Property Prices up 13.8% in London in the past year

The latest market trend data from the Land Registry shows that prices rose an average of 0.7% in February and have risen 5.3% since February 2013.

The average house price in England and Wales now stands at £170,000 compared with the peak of £181,658 in November 2007.

More than 70,500 residential properties in England and Wales were lodged for registration at the Land Registry in February ranging from £11,500 to £21,750,000.

Repossession volumes decreased by 24% in December 2013 to 966 compared with 1,278 in December 2012.

Unsurprisingly London has seen the greatest price increase in the past 12 months with prices going up 13.8%. Wales experienced the greatest monthly rise in February with a movement of 1.6%.

Commenting on the data, Nicholas Ayre, managing director of homebuying agency Home Fusion, said: “The gulf in property prices across the UK grows ever bigger with London house prices hitting a new all-time high in February, up 13.8% in a year. Transaction volumes are rising but are still some way off the peak of the market and the lack of supply is helping fuel soaring house prices in parts of the country. There are growing fears that if we are not in bubble territory yet it won’t be long before we are, with the Bank of England raising the alarm about borrowers over-extending themselves.

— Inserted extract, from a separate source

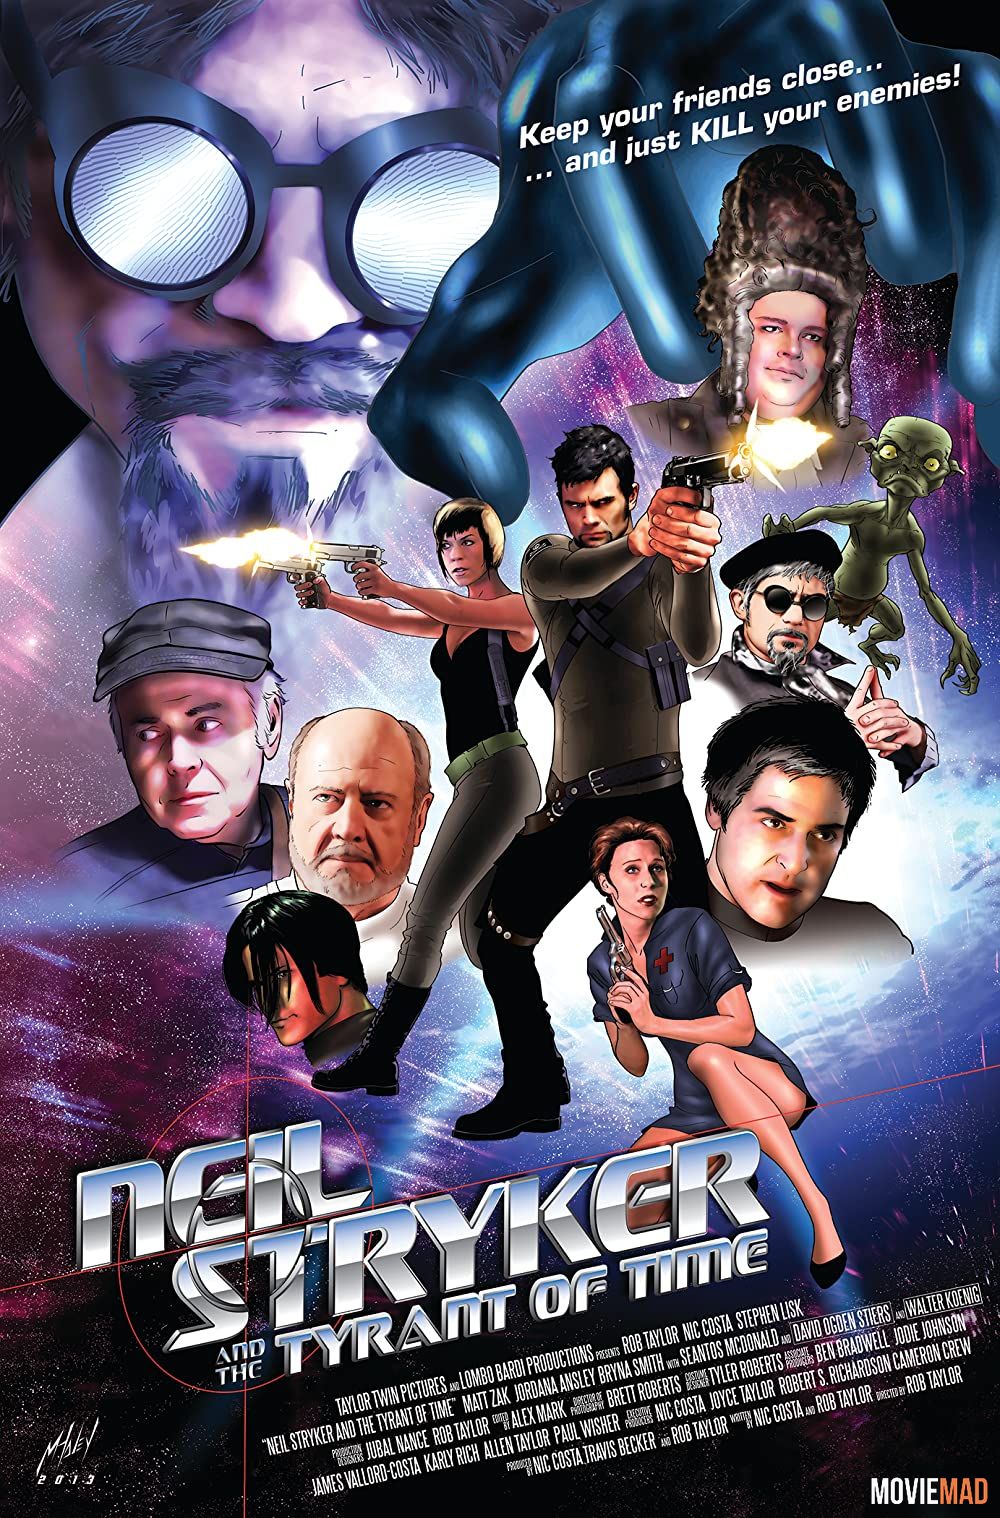 full moviesNeil Stryker and the Tyrant of Time (2017) Hindi Dubbed ORG HDRip Full Movie 720p 480p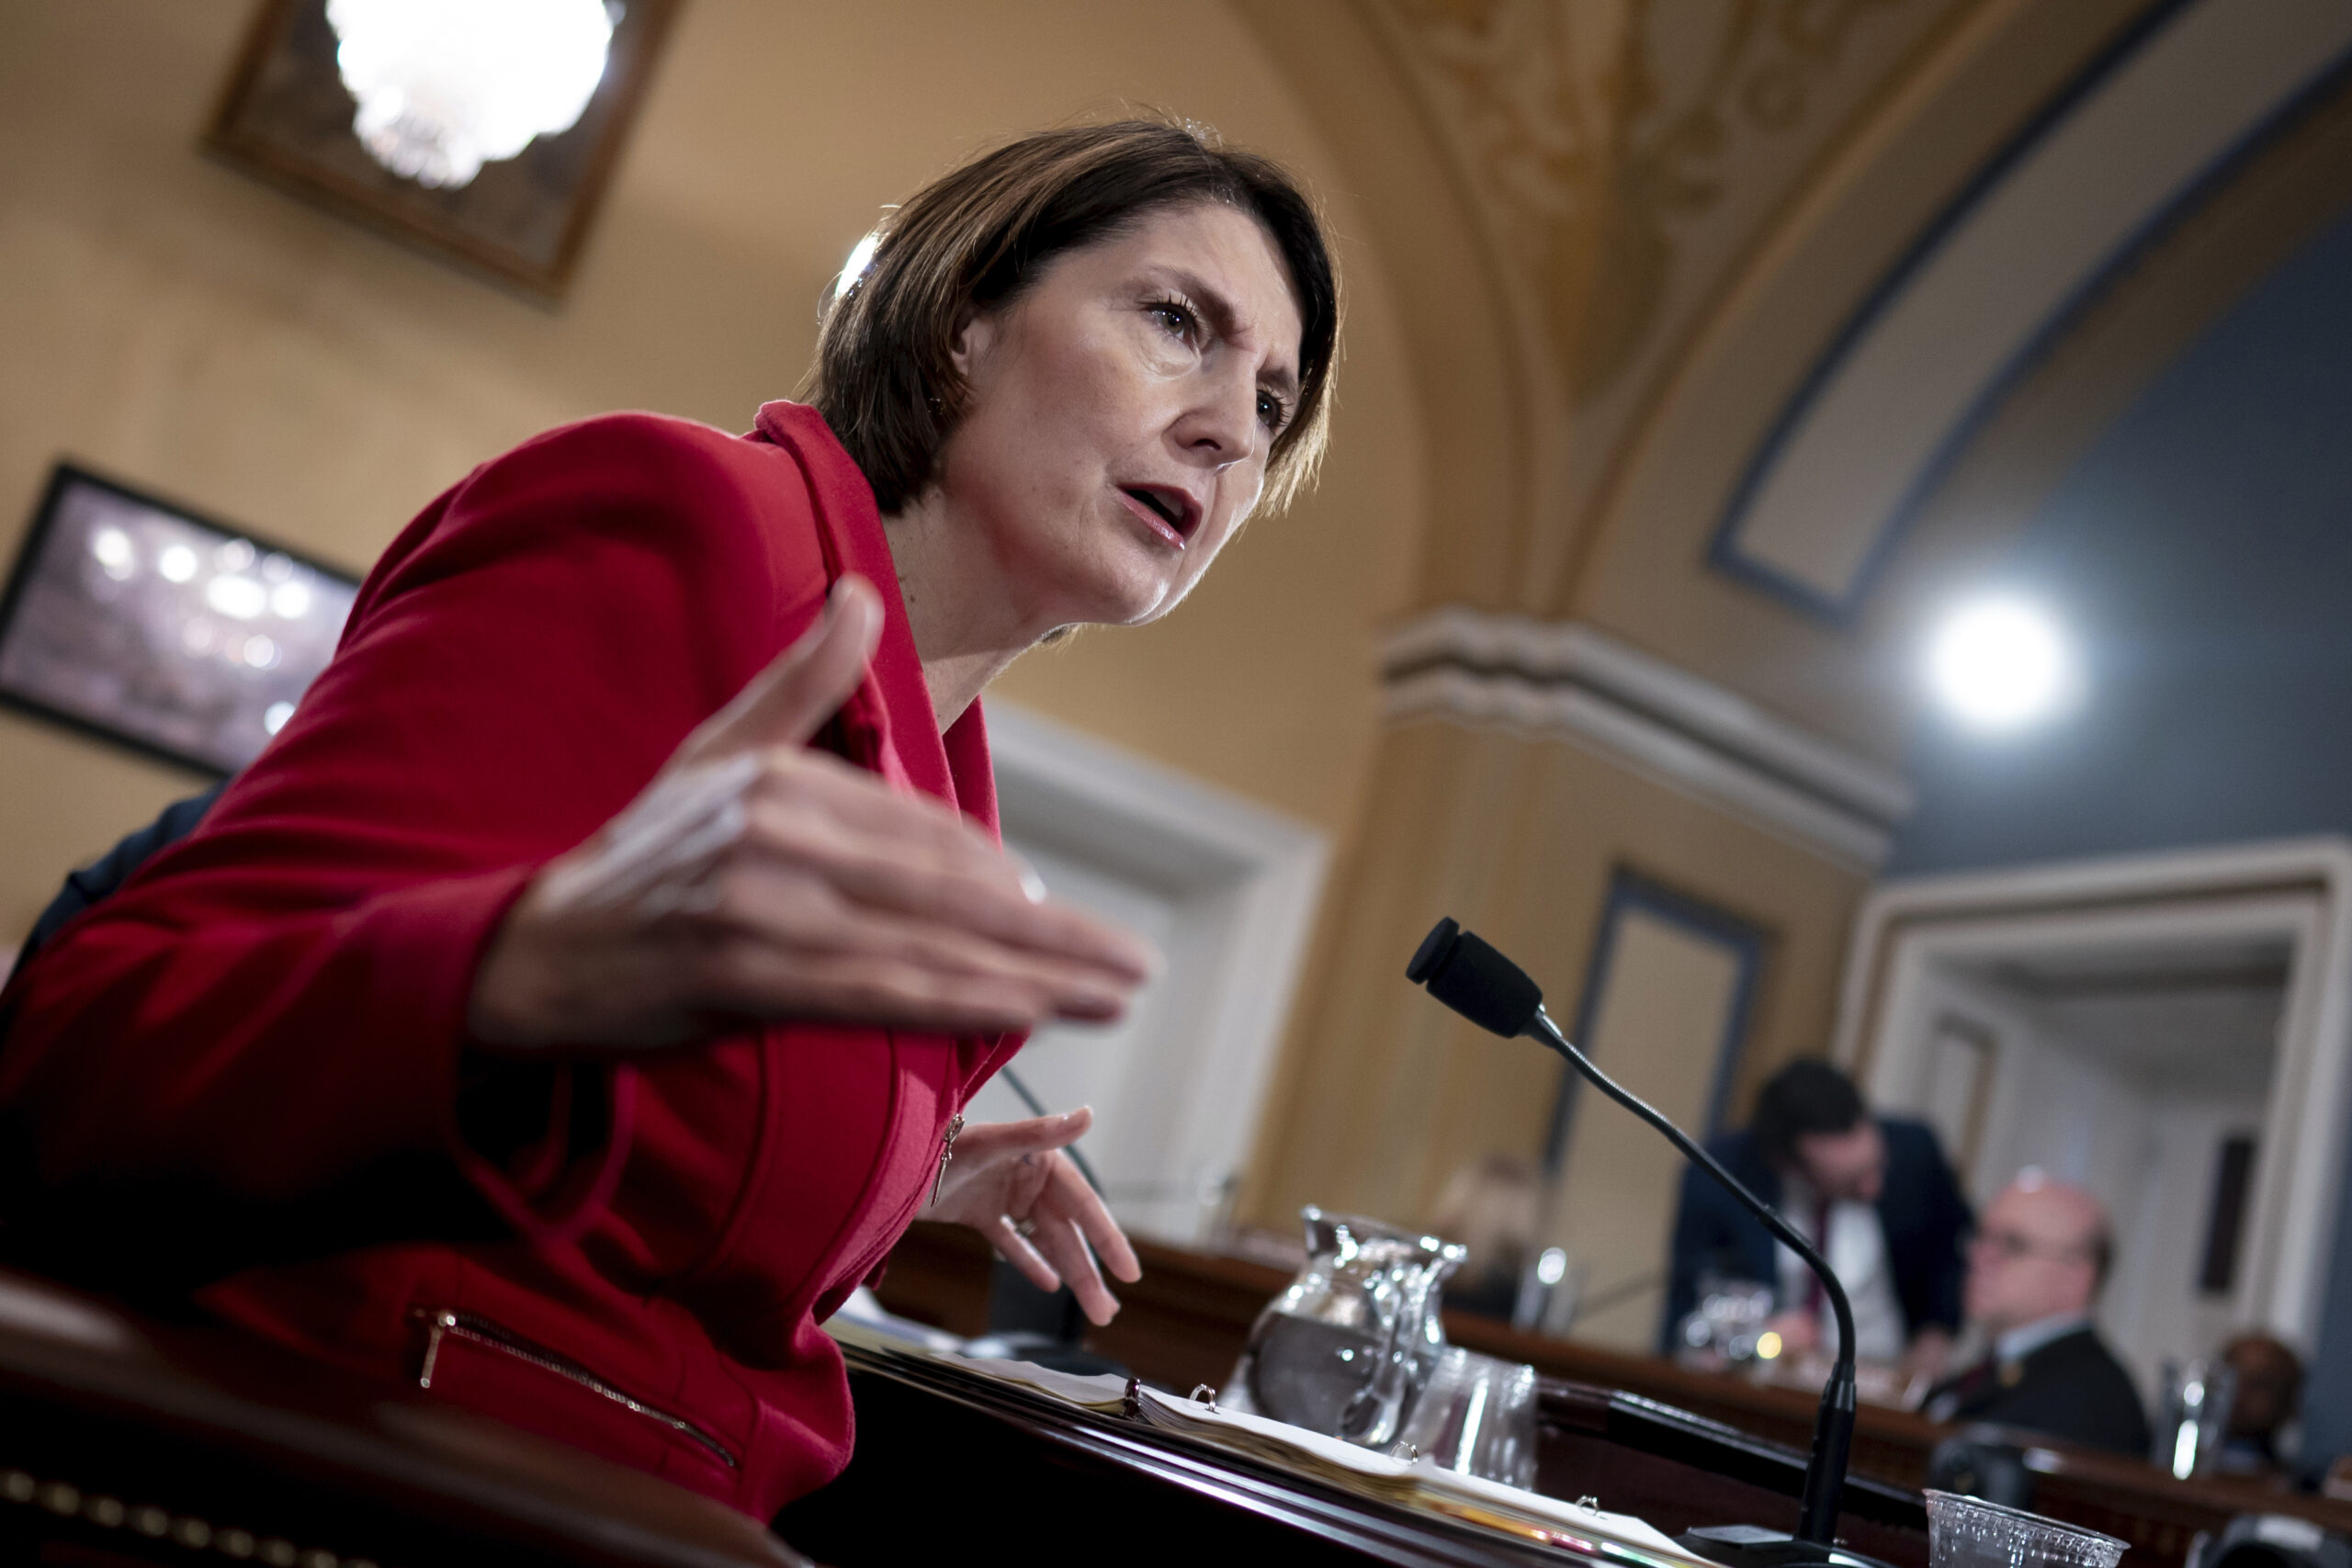 McMorris Rodgers steps down from House committee, won’t seek reelection

“The problem mortgage borrowers have is that they are competing against cash buyers who don’t have the same affordability constraints. Governor Mark Carney has commented that he can’t control house prices because he has no sway over those cash buyers who aren’t affected by interest rate rises. While buyers from overseas are playing a part, it is not just international purchasers who are in the fortunate position of buying for cash: many of my clients who do so are from the UK, and are downsizing from larger homes.

“Lenders are stricter and the bad old days where it was possible to borrow up to seven times income are long gone. However, borrowers still need to do a reality check and consider whether they could afford the mortgage if there was a 1% rise in interest rates – or more. If not, it’s important to be realistic and rein in the borrowing.

“Supply constraints are not going to be resolved anytime soon. The Government has made the right noises about building more homes but this takes time. In the meantime, prices are likely to rise higher and we could well find that the illusory bubble becomes a dangerous reality.”